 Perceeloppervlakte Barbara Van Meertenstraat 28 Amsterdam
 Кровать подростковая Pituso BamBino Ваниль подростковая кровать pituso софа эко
--
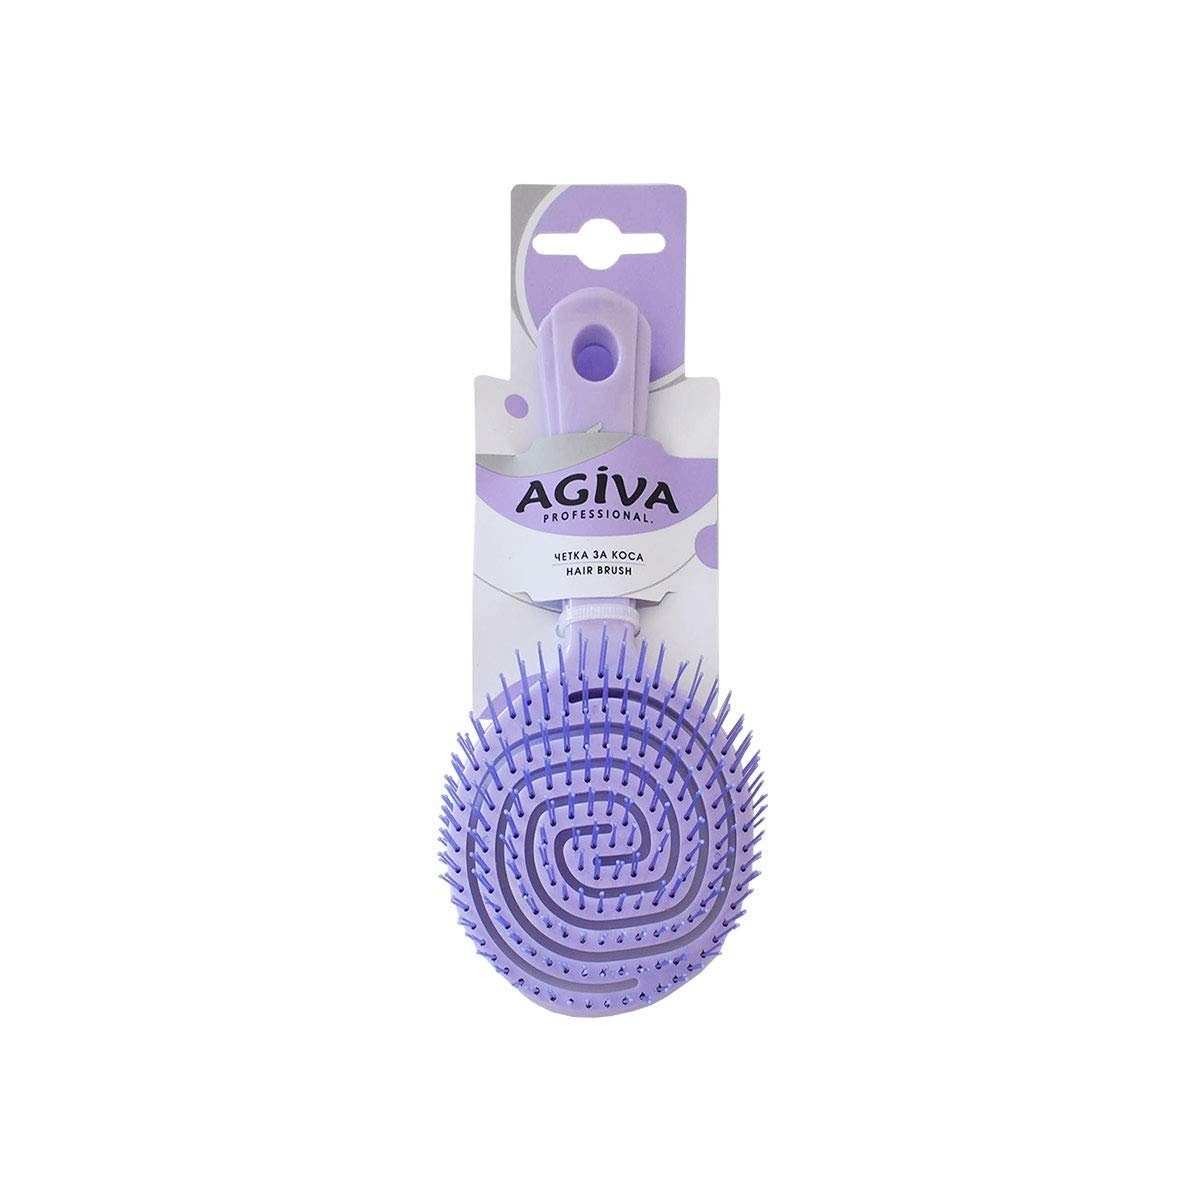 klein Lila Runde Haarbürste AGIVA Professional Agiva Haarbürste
...
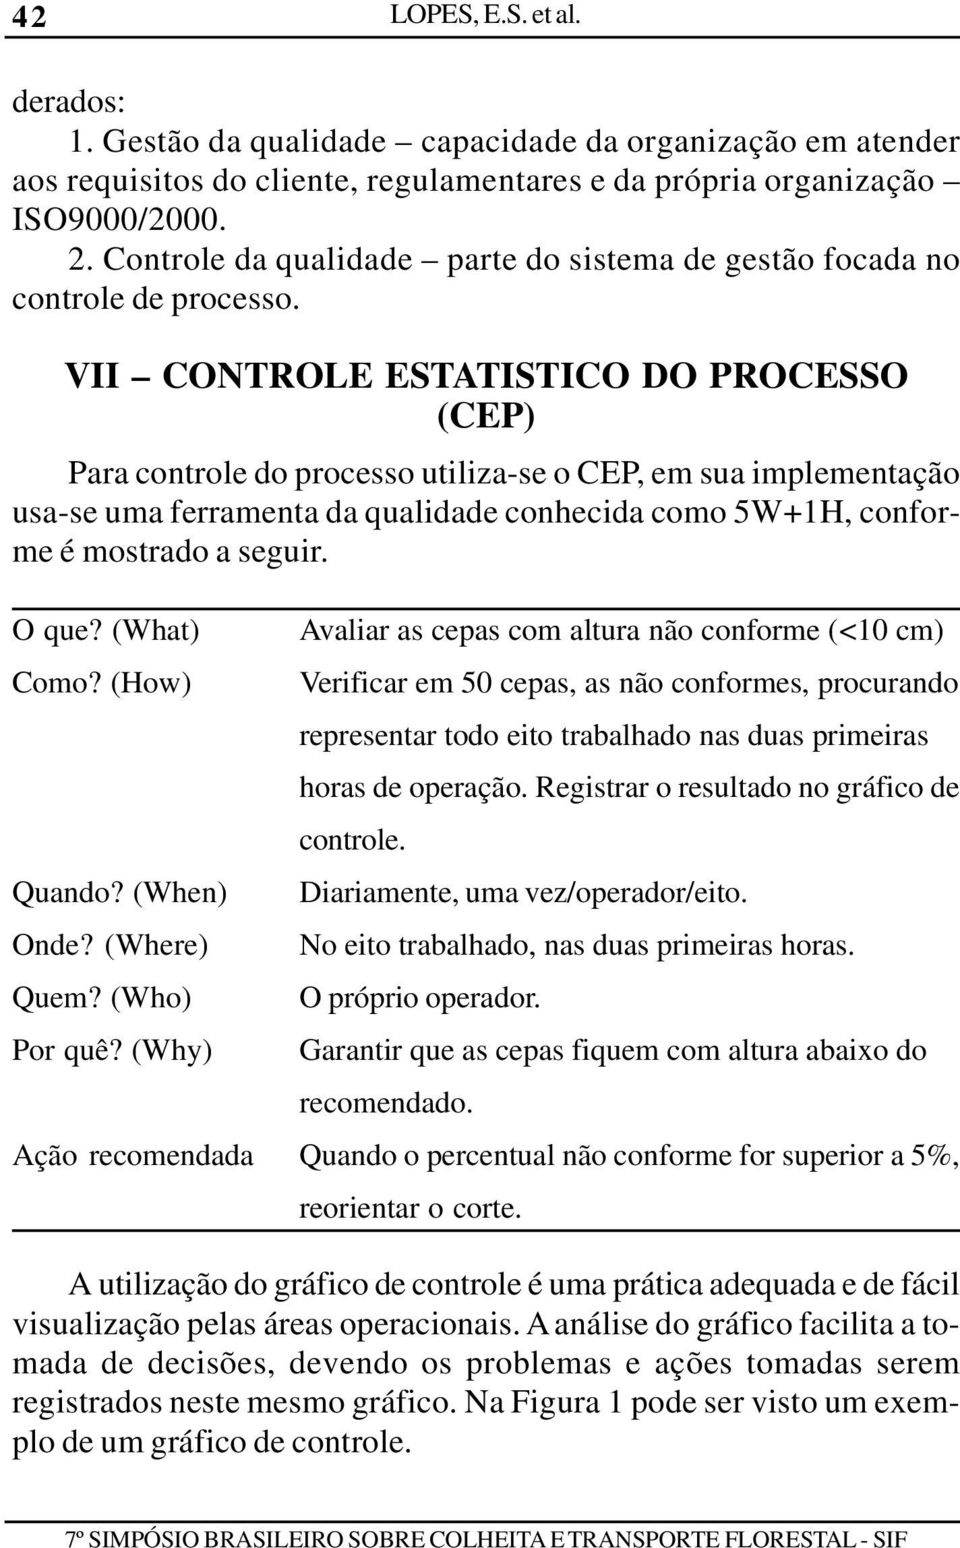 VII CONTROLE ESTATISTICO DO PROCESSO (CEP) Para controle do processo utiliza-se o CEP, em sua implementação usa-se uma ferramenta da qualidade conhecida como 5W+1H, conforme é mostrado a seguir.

Task prompt — Above are the records; from them, give again exactly the lines from the one containing "Perceeloppervlakte Barbara Van" through the one containing "Кровать подростковая Pituso", both included.

Response to this task —
 Perceeloppervlakte Barbara Van Meertenstraat 28 Amsterdam
 Кровать подростковая Pituso BamBino Ваниль подростковая кровать pituso софа эко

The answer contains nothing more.